On a variety of levels, Mikkeller has challenged how the craft-beer world thinks about artful brewing. Mikkel Borg Bjergsø started Mikkeller in 2006 with then-business-partner Kristian Keller (who would soon after depart for an editorial position at Copenhagen-based magazine Soundvenue). They began without an actual physical brewery, choosing to instead rent capacity at existent locations like GourmetBryggeriet and Belgium’s de Proef Brouwerij. It wasn’t too long before the notion of a locale-hopping “gypsy brewer” manifested—and quickly stuck.
But the term tends to oversimplify what Mikkeller is and is not, particularly as other similarly minded folks have followed in Mikkel’s footsteps. Whether contract brewing, an “alternating proprietorship,” or any of the other innovative new approaches to starting a brewery without having to build a new one from scratch, what tends to matter most from the consumers’ side is the quality and artistic clarity of that final product. (One could make obvious parallels with the publishing and music industries, among others.) What Mikkeller has done time and again successfully is realize Mikkel’s expressive recipes at world-class breweries such as BrewDog, Amager, Anchorage, and—most often—de Proef. This month’s selection was born from the ongoing artistic partnership between Mikkel and de Proef’s owner/brewmaster Dirk Naudts
The gypsy-brewing model affords creative flexibility elsewhere, and Mikkeller has deservedly become known for its use of nontraditional ingredients and concept-driven efforts that, well, actually work. Mikkeller’s Single Hop and Yeast Series lineups incorporate savvy, educational elements, while other offerings include ingredients such as Kopi Luwak coffee, lychee fruits, currants, Chateau d’Yquem barrels, and apparently (per the Mikkeller blog) even cabbages.
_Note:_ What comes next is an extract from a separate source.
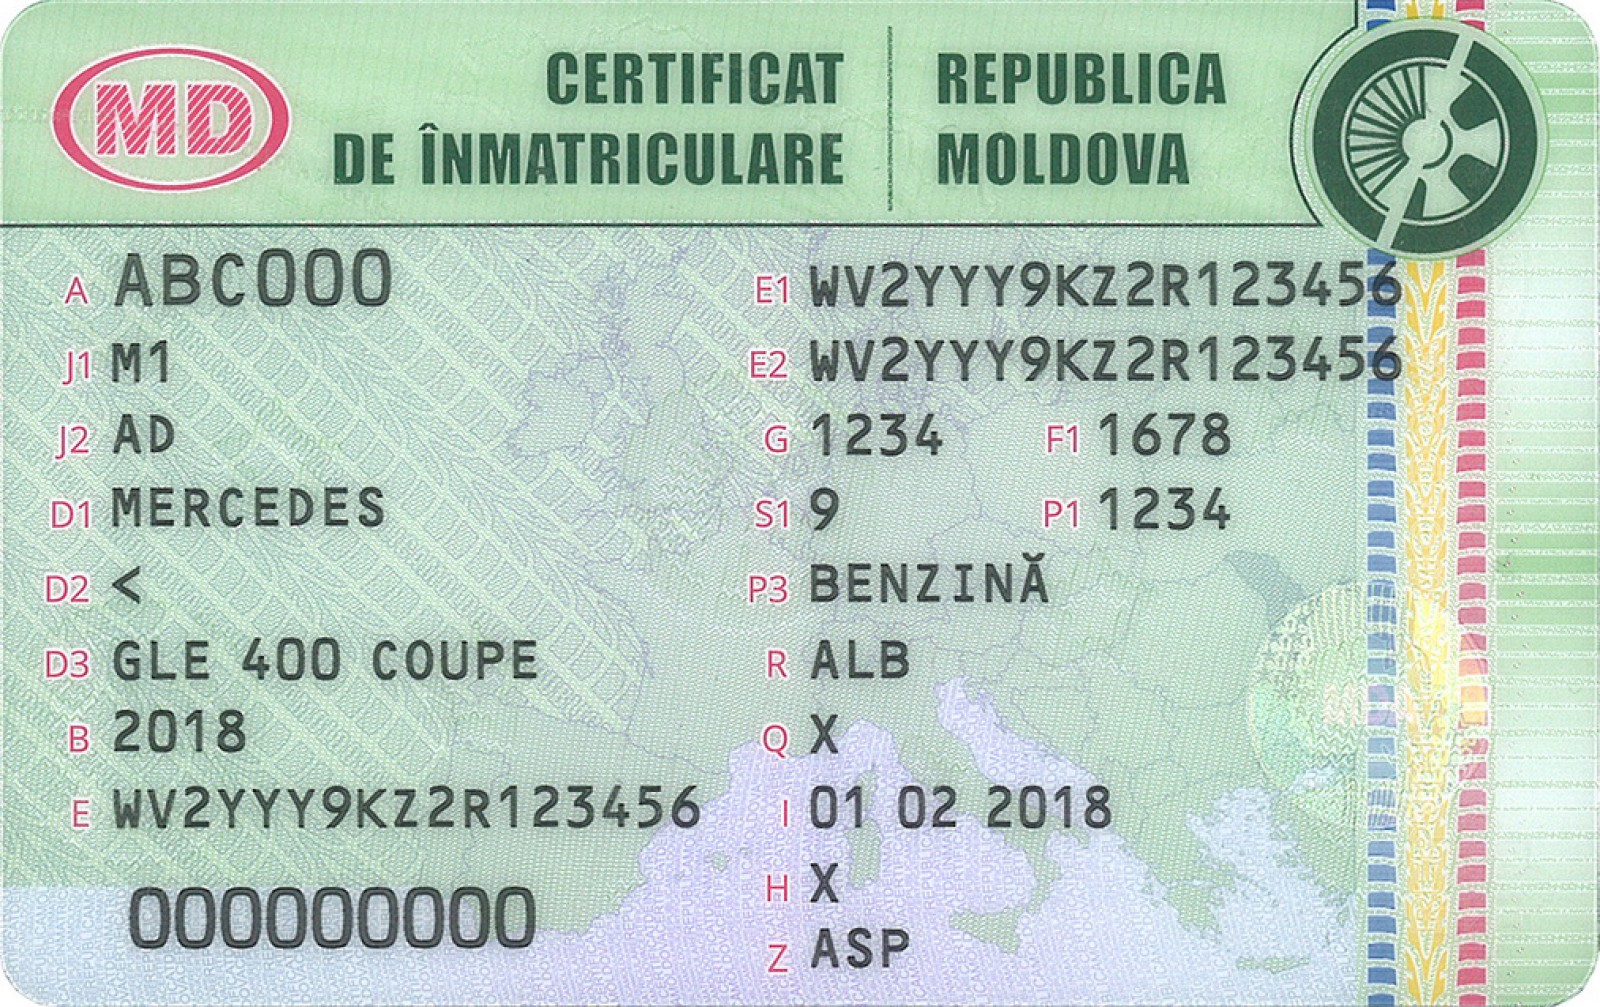 (foto) Moldova: Certificatele de înmatriculare auto de model nou se vor elibera de la 1 martie

Of all the unique efforts, we think our current choice is one of the most ambitious and tasty. Very limited quantities of Mikkeller Mexas Ranger were exported to the U.S., with only 60 cases released for the whole country earlier this year, and the remainder set aside for our members.
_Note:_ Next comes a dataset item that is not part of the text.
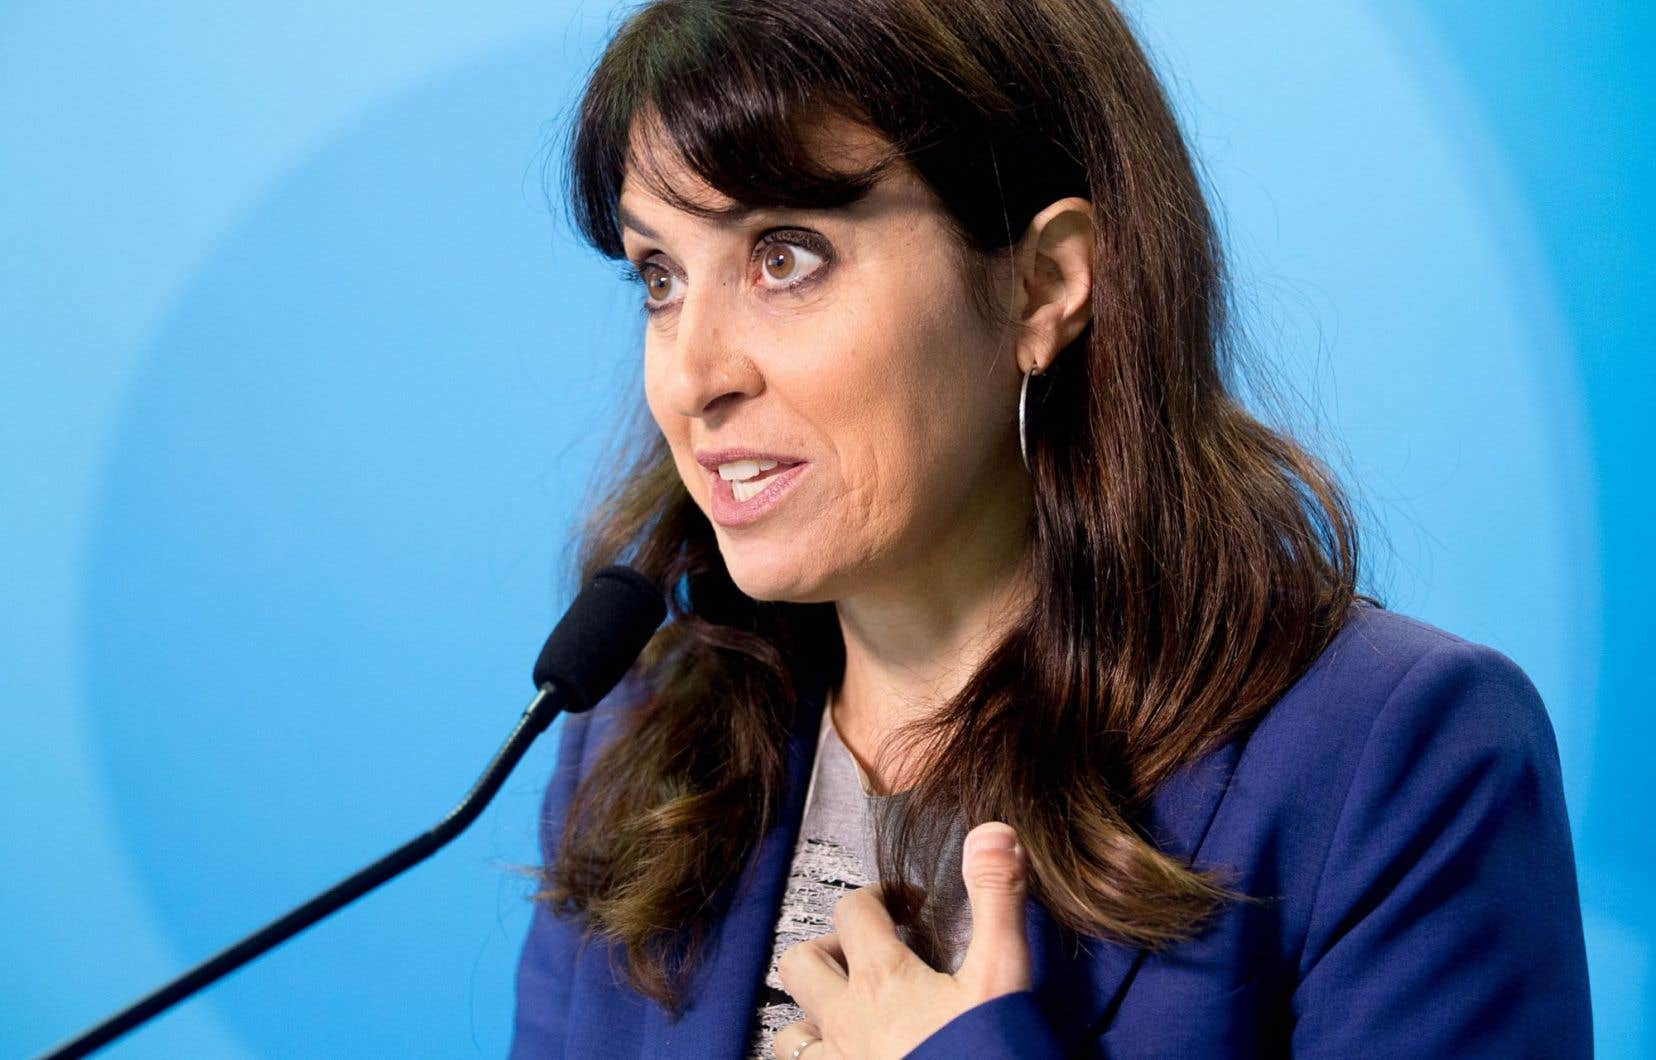 La députée de Joliette, Véronique Hivon, doit se retirer de la course à la direction du Parti québécois, son état de santé s'étant détérioré au cours des derniers jours, au point de la contraindre à un repos complet pour au moins un mois.

The first time I met Mikkel was in southern Brazil, where we (along with Tore Gynther from the Danish brewery To Øl) were each performing our own separate duties as part of a larger weekend surrounding a craft-beer festival in the city of Curitiba. Subsequent days would find us on a boat headed to the idyllic Ilha do Mel (“Honey Island”) with a local brewer, and then in the public markets searching for brew-worthy Amazonian fruit—but it was early on in the trip that I asked Mikkel about his previous employment, and how he and Tore had first met.
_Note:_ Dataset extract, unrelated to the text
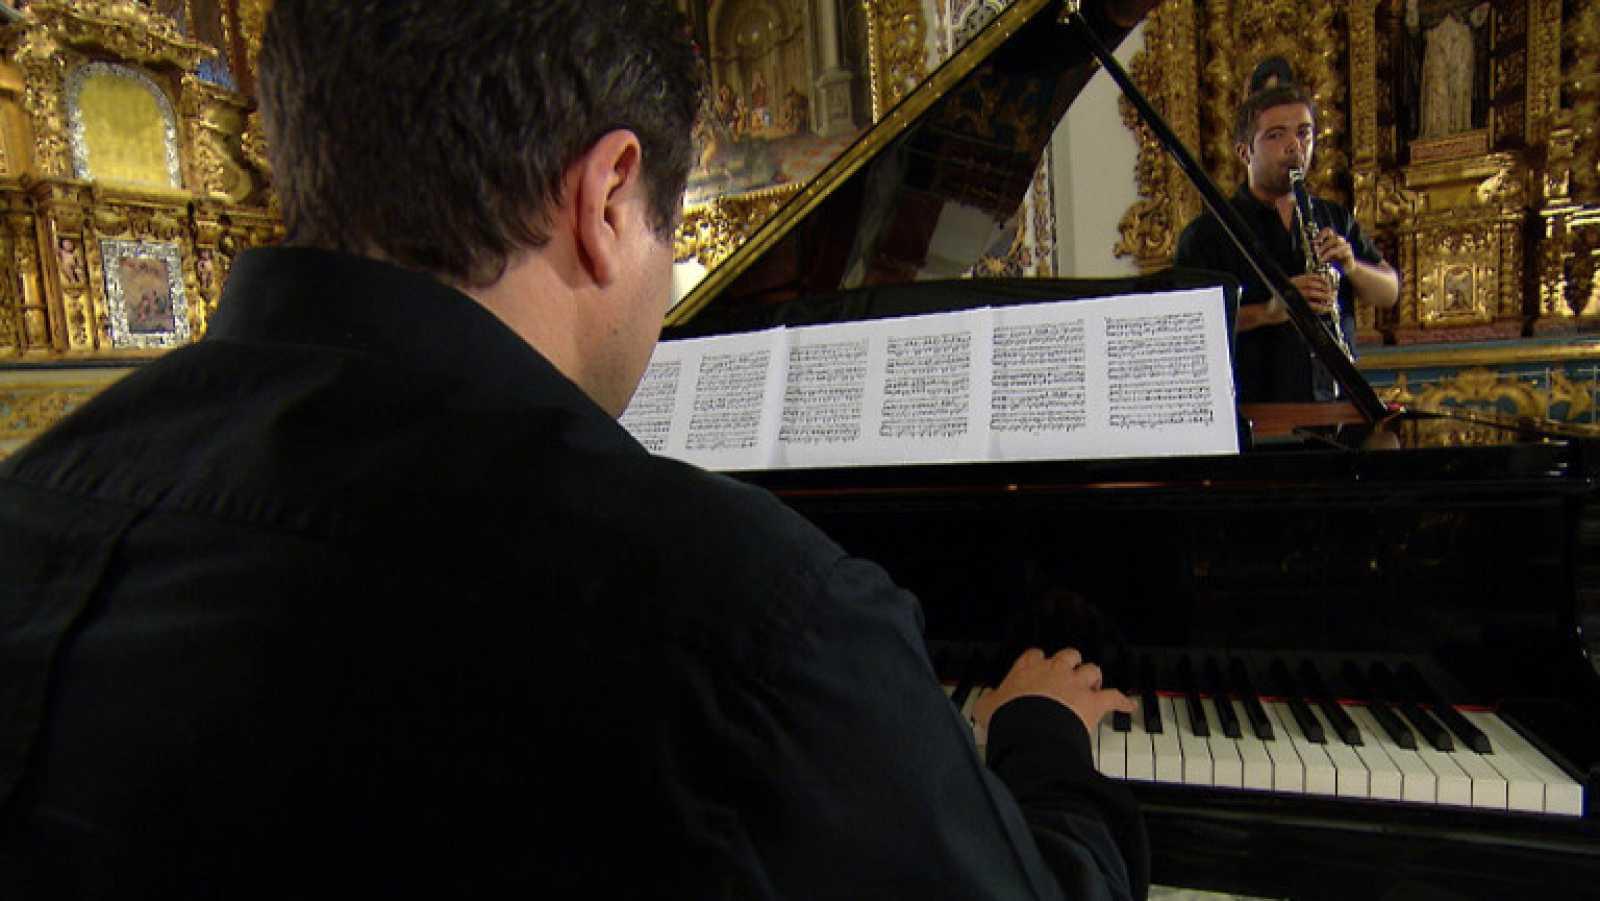 Fundación Baremboin Said, uniendo desde la música - Ver ahora

Before Mikkeller existed, Mikkel was teaching physics and math at a Danish primary school. And before To Øl existed, Tore and co-founder Tobias Emil Jensen were Mikkel’s students. After discussing the dismal state of their country’s brewing scene, they tried to convince the school’s administrators to buy them brewing equipment—in the name of science, of course. Because their high school was apparently infinitely cooler than my own, it happily consented.
The three were also granted use of the school’s kitchen, though it often wasn’t available until around ten o’clock at night. So before Mikkeller and To Øl existed, before Mikkeller had its distribution network encompassing over 40 countries (including Brazil!), before Mikkel had become part owner of To Øl to work with his former students and support a major brewery expansion—well before any of these things—the three would brew in their school’s kitchen until 6am, fantasize about a different Danish beer scene, and then head straight back to class.